Thursday, April 11, 2013

hypochondria as a deep clue




I read that Kafka suffered from hypochondria. That gave rise to some pondering by me, and maybe some thinking.

Kafka was a profound being -- metaphysically sensitive, intellectually unusual. It's worth paying heed to his hypochondria.

Science and philosophy now say that all is reducible to the physical. Free will is an illusion, and consciousness a fume of brain matter or merely epiphenomenal (not actually there in any kind of instrumental or substantial sense).

But then why the hell are we at odds with our body, a thing brought out exceptionally well with hypochondria? You'd think we'd be all "A headache. Whatever. It's just the physical being physical." Instead of leaping into psychological panic mode: "A headache. Must be a lethal brain tumor coming on, which brings dire aspects of mortality into despairing focus."

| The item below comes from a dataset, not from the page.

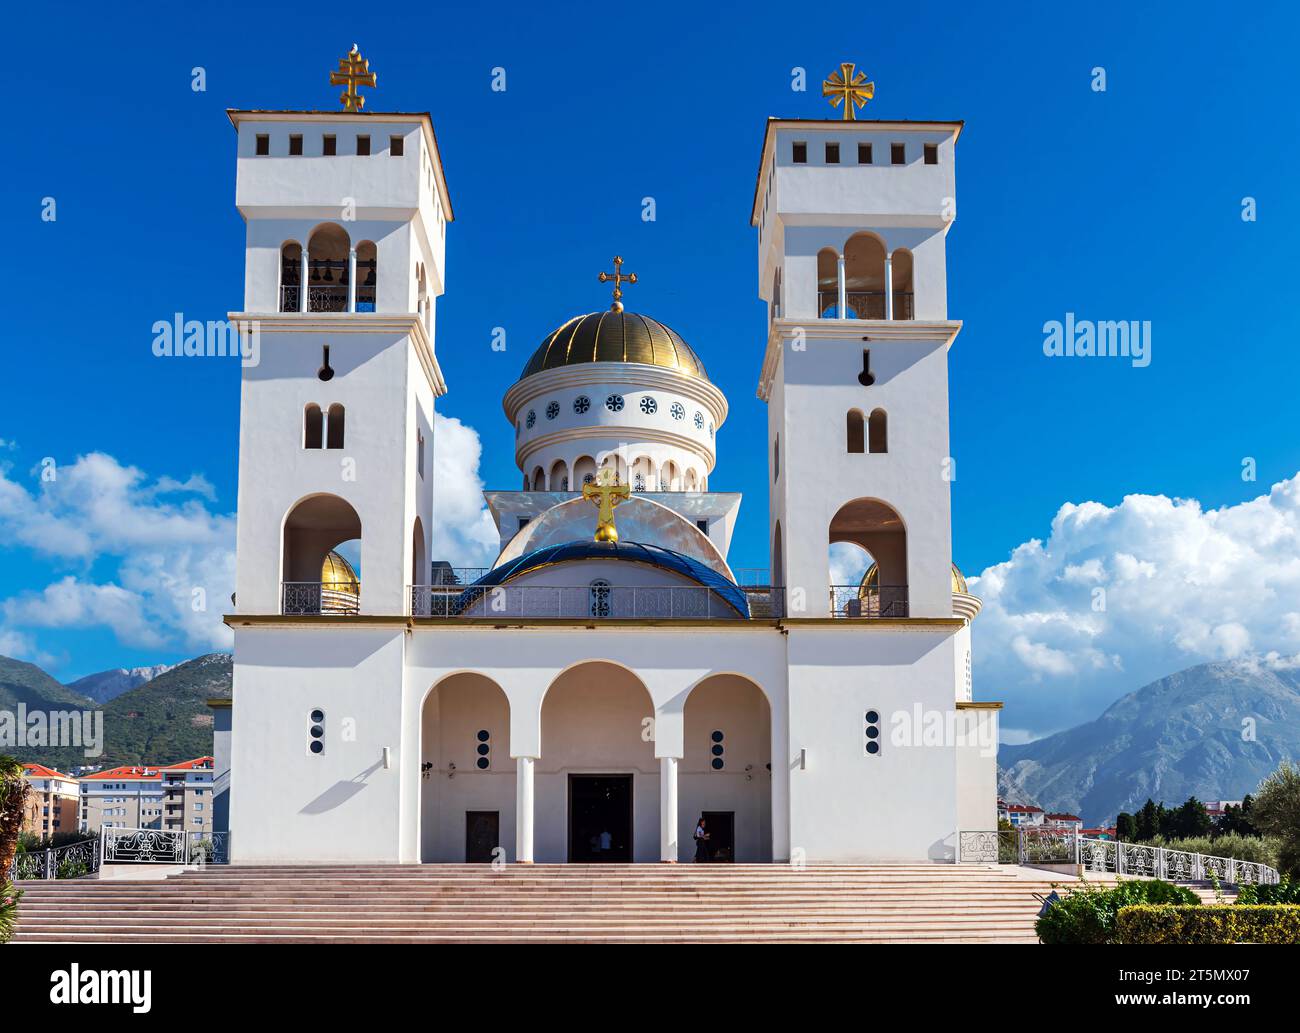 L'église de St. Jovan Vladimir est une église orthodoxe serbe située à Bar, au Monténégro. Il a été construit entre 2006 et 2016 Banque D'Images
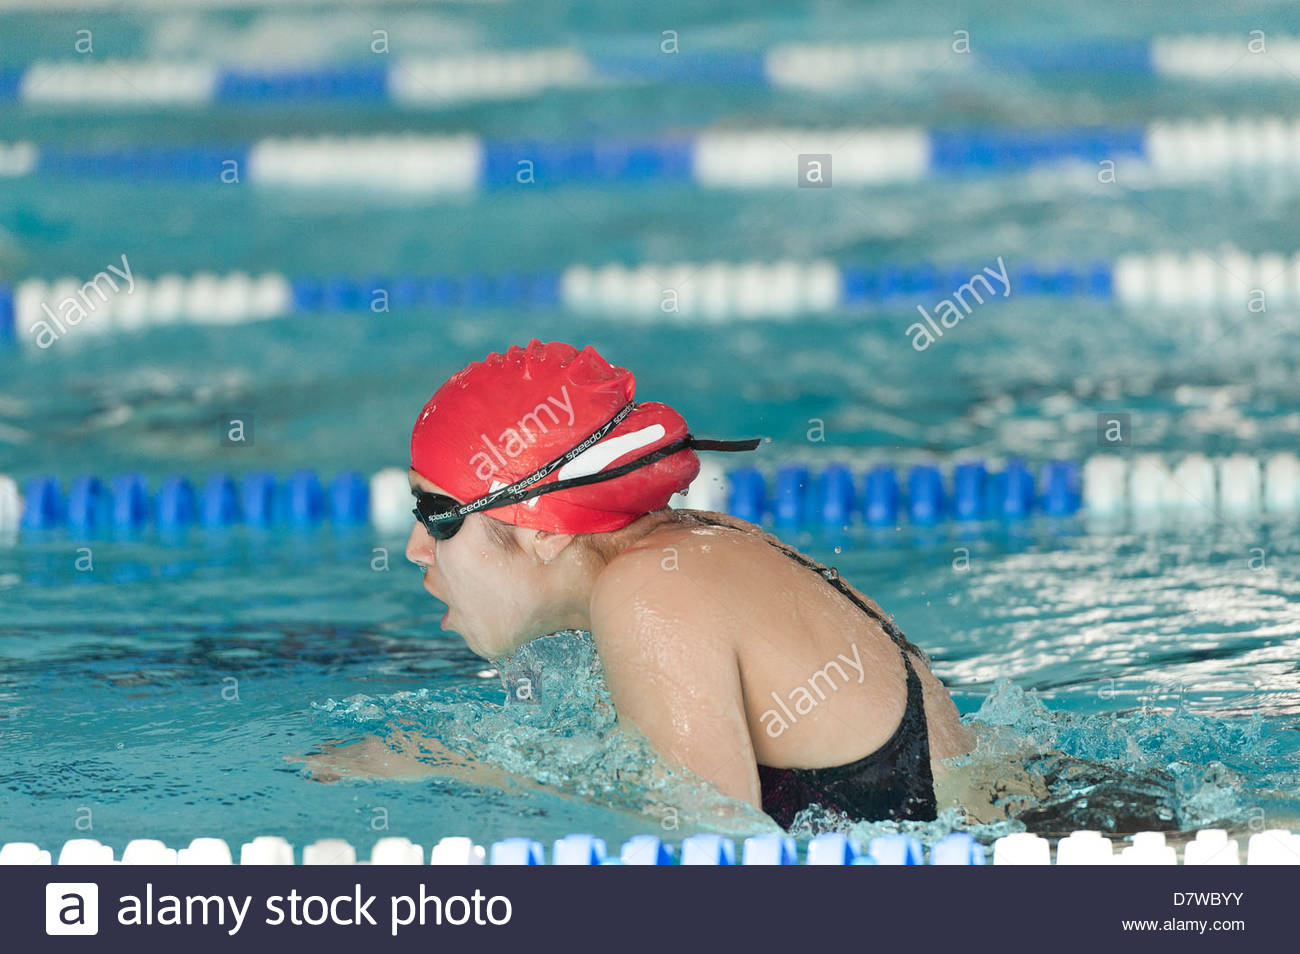 course de natation piscine de competition nationale brasse avec film de l eau de piscine bord arriere du bras vertical d7wbyy

Despairing focus. There shouldn't be such a thing, if all is physical. And I just don't buy the epiphenomenal thing. That strikes me as cheap, zany, lazy-logical thinking on the part of those big-time philosophers.

So in my world, that leaves an opening for some form of dualism. Hypochondria makes me think dualism. Something in us is implacably alienated from the body. As if two irreconcilable substances got bottled up in the same bottle. The body is a wild, dark, terrifyingly strange place. The mind is also bizarre but not so viscerally ferocious and gooshingly algorithmic.

Hypochondria is a metaphor or expression of the embodied-soul nightmare. This is a clue. Maybe to the possibility of art -- its making and its appreciation.

Anyway, I think there must be something very wrong with people who are not hypochondriacal.